8.) Jeder Japaner hat mindestens ein Handy, natürlich auf dem neuesten
Stand der Technik. Aber im Gegensatz zu uns Europäern stellt er es
auf lautlos und telefoniert nicht laut, so dass jeder mitbekommt,
dass heute ein gemeinsames Abendessen mit Schatzibär ansteht. Der
Wunsch, jemanden wegen seier Art zu telefonieren gegen die Wand zu
klatschen, entfällt daher in Japan.
9.) Man wird von einem Japaner so gut wie nie ein "Nein"
zu hören bekommen, da dies als hart bzw. unhöflich empfunden wird
und die Harmonie stört. Diese gilt in Japan als ein hohes Gut, welches
anzustreben und zu schützen allen auferlegt ist. Wer diese Ordnung
stört, sich also nicht an den Verhaltenskodex hält, der muss unweigerlich
mit Sanktionen aus seinem unmittelbarem Umfeld rechnen. Gegenüber
Gaijins sind Japaner aber sehr tolerant bzw. erwarten sie von einem
Ausländer schlicht, dass er sich falsch verhält.

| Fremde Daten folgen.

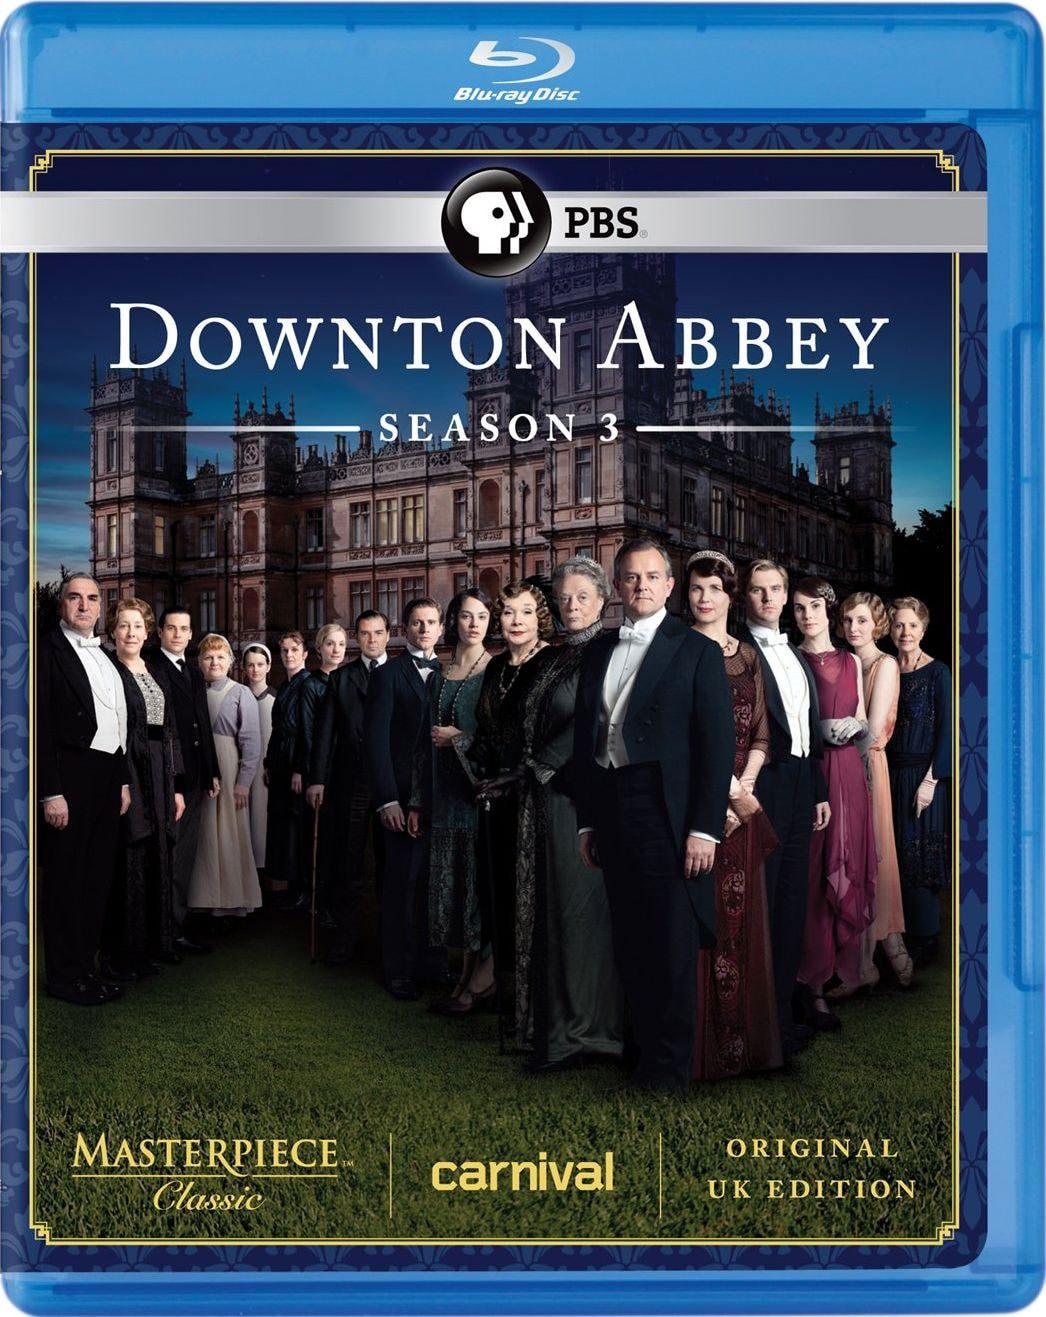 Masterpiece Classic: Downton Abbey: Season 3 (Blu-ray Disc)

Typische japanische Verhaltensweisen
Spätestens aber nach einem Monat wird man schon die eine oder andere
praktische Verhaltensweise der Japaner gerne übernommen haben. Die
dazu im Internet kursierende Liste mit typischen Symptomen eines zu
langen Japanaufenthalts möchte ich an dieser Stelle natürlich nicht
vorenthalten, bietet sie ja auch gerade für Japanunwissende einige
lustige Einblicke in den Alltag:
Du bist bereits zu lange in Japan, wenn...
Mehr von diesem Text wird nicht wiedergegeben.